December 24, 20222 yr @BritishRacingGreen, agreed, but it is all part of the correct design for what the user/client require. And yes, field experience is very valuable for this. We have been using solar since 2014 in mainly off-grid and sometimes grid assisted mode. In our case the inverter was the limiting factor but the inverter (SMA) and the battery (no promotion here) could handle power surges well. Changeover control from off-grid to on-grid was done by Raspberry Pi external to inverter and battery. Only once had the situation as described occurred where the battery shut down and this was due to an error in the connection/comms between the Pi controller and the changeover switch.

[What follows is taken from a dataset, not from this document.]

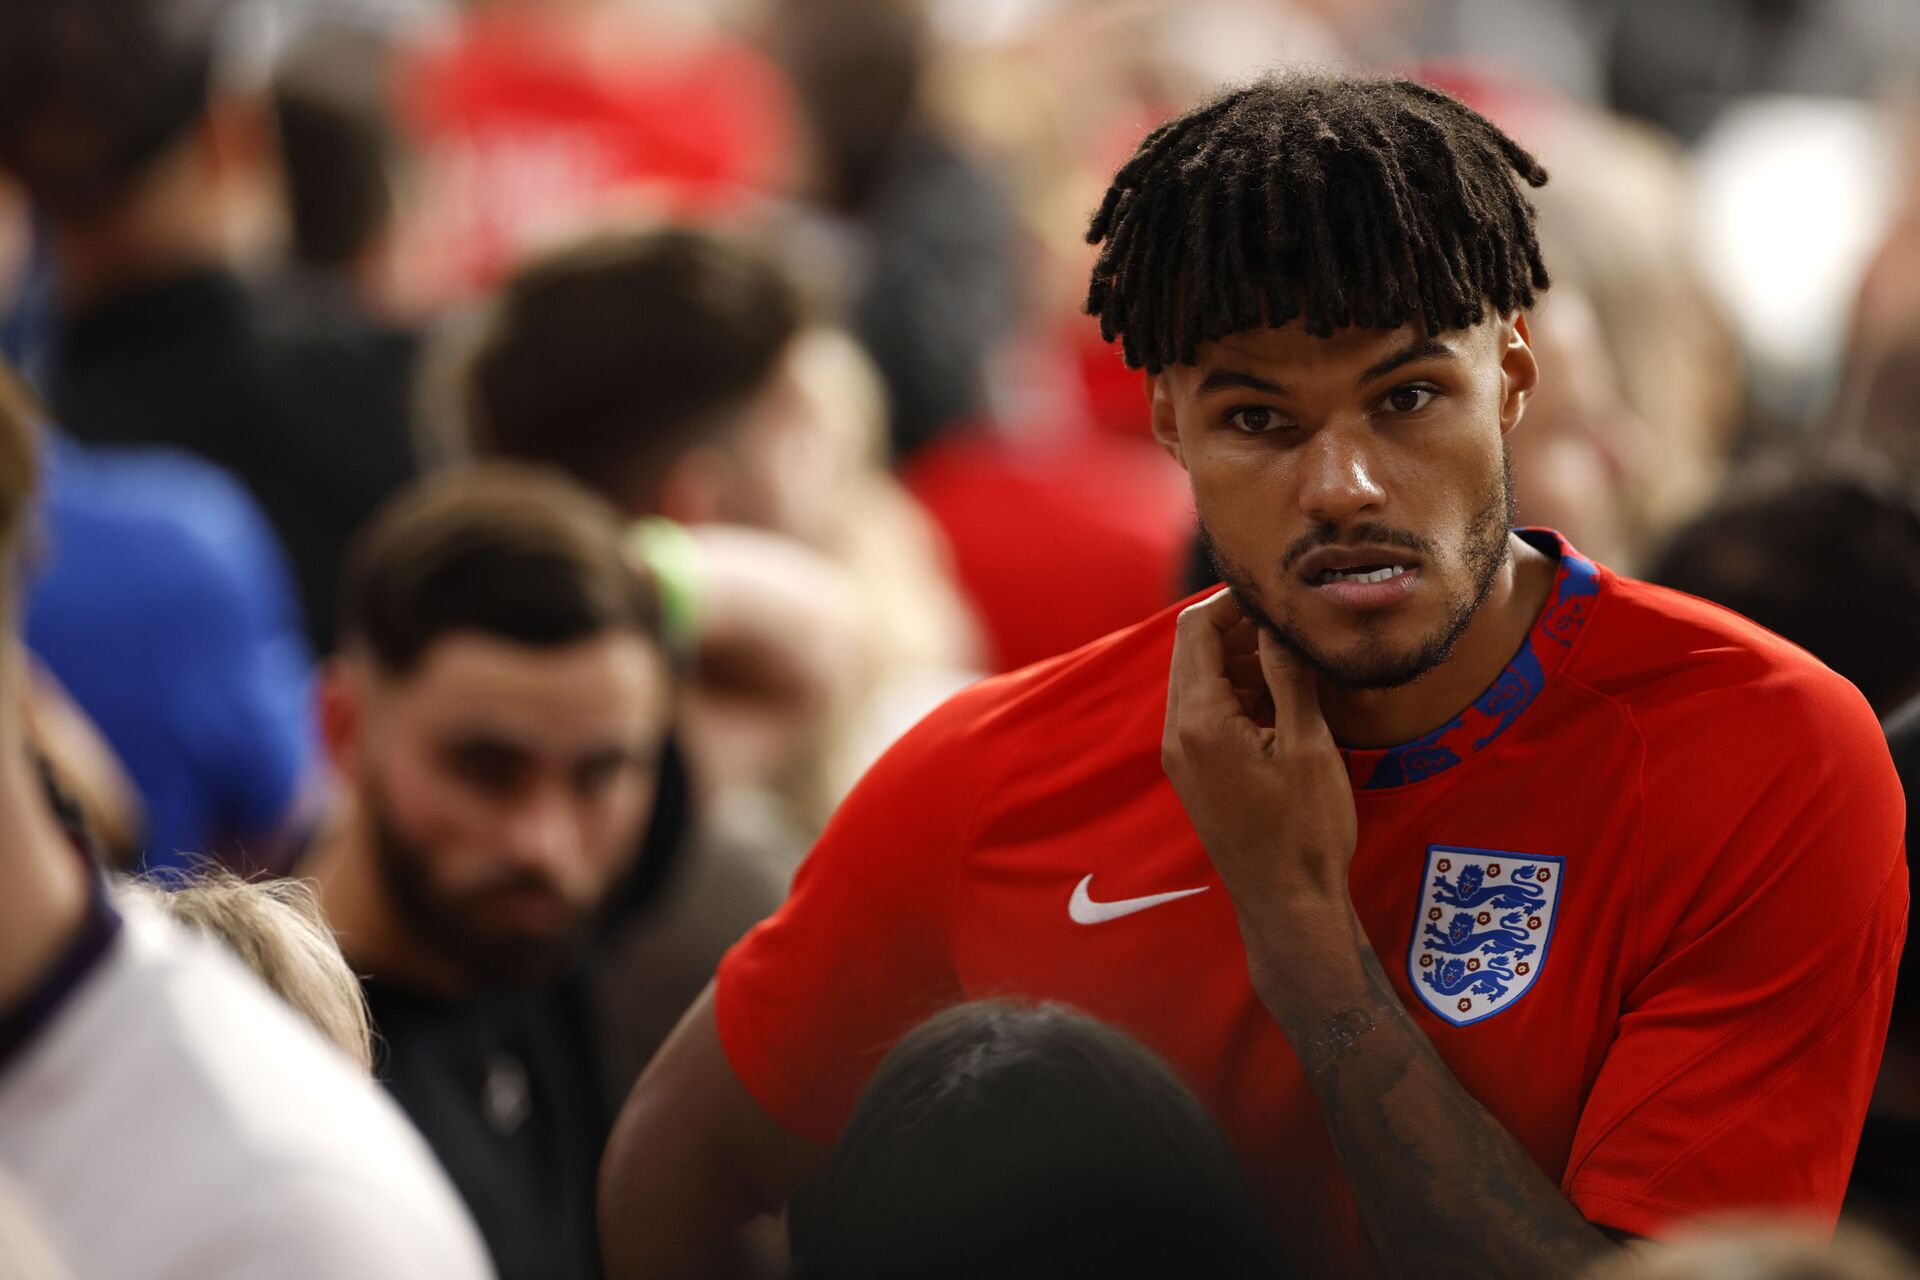 Soccer Football - Euro 2020 - Final - Italy v England - Wembley Stadium, London, Britain - July 11, 2021 England's Tyrone Mings looks dejected after the match  - Sputnik International, 1920, 07.09.2021
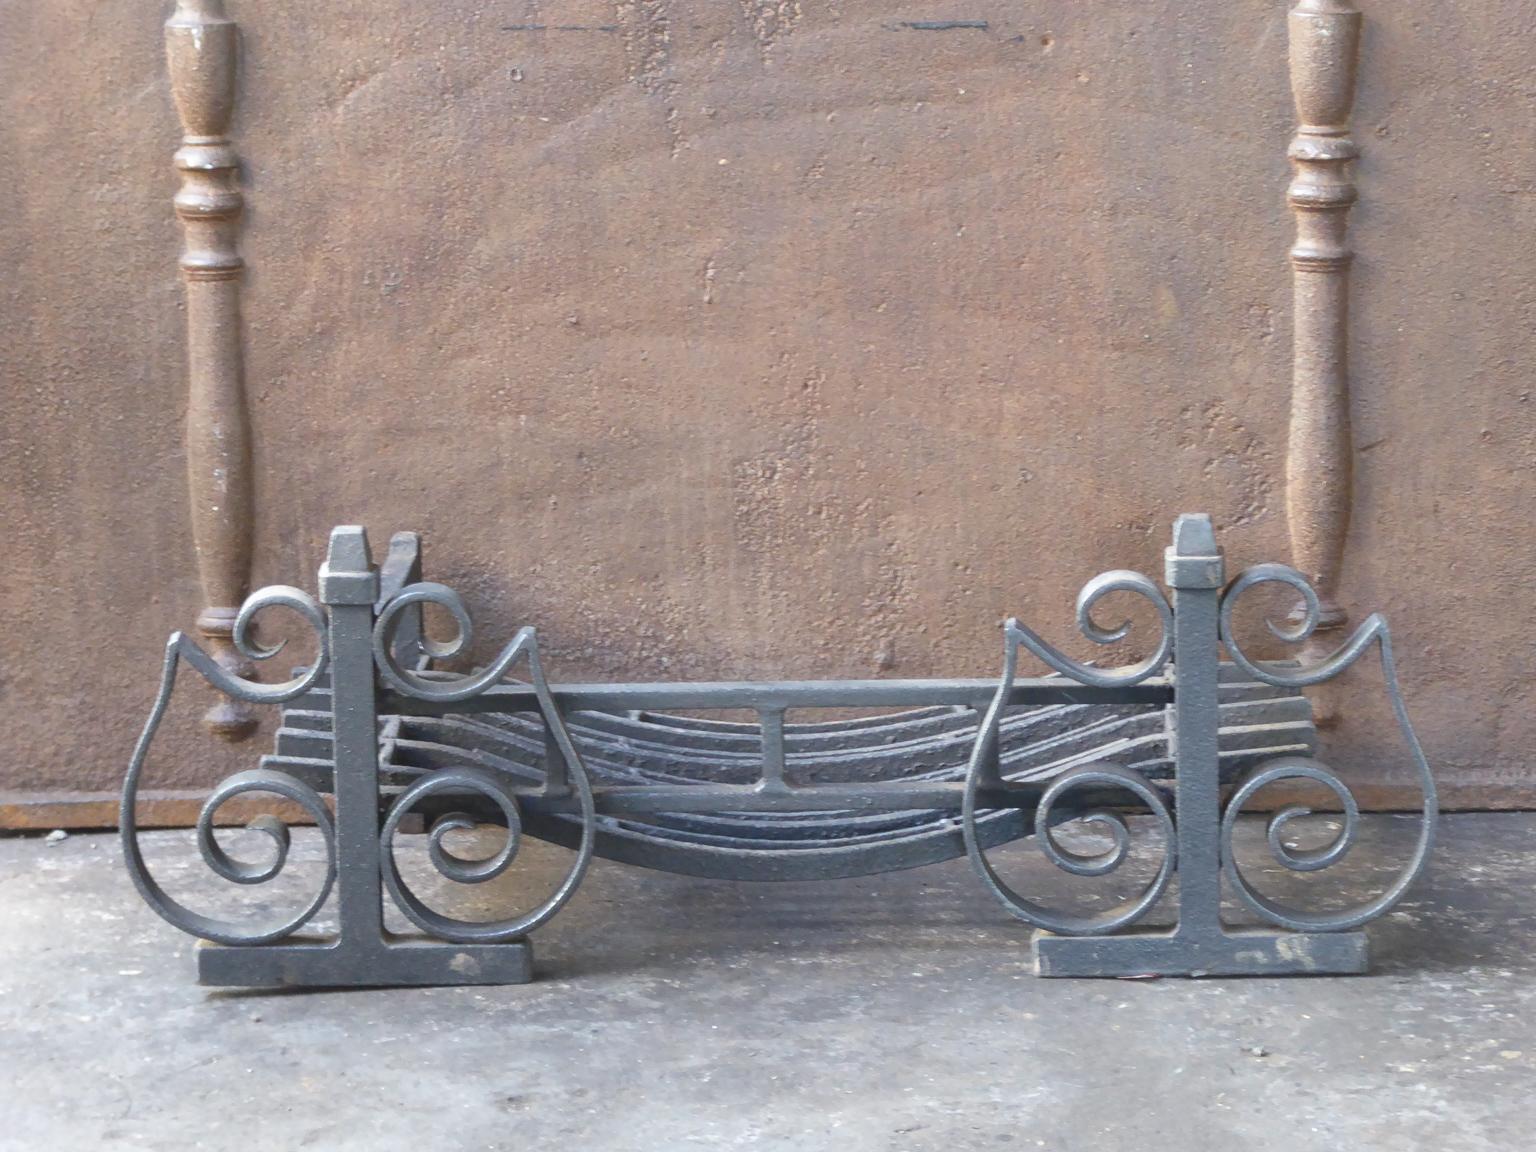 English modernist fireplace basket or fire basket. The fireplace grate is made of wrought iron and cast iron. The total width of the front of the grate is 32 inch (81 cm).

















   

December 25, 20222 yr On 2022/12/23 at 3:10 PM, Solar noob said: So if I wait before getting solar panels, and just get the battery and inverter and panels later, the battery will need to be charged by Eskom. Will the Sunsynk inverter + battery setup be OK getting charged by 60A? 60A is the limit your municipality applies. You have a 60A municipal breaker and your house can never draw more than 60A from the grid. It is an upper limit. If you draw less than 60A (which you will, most of the time) then that's fine. If you draw more then the main breaker will trip. It has nothing to do with the rate at which your in inverter charges the battery.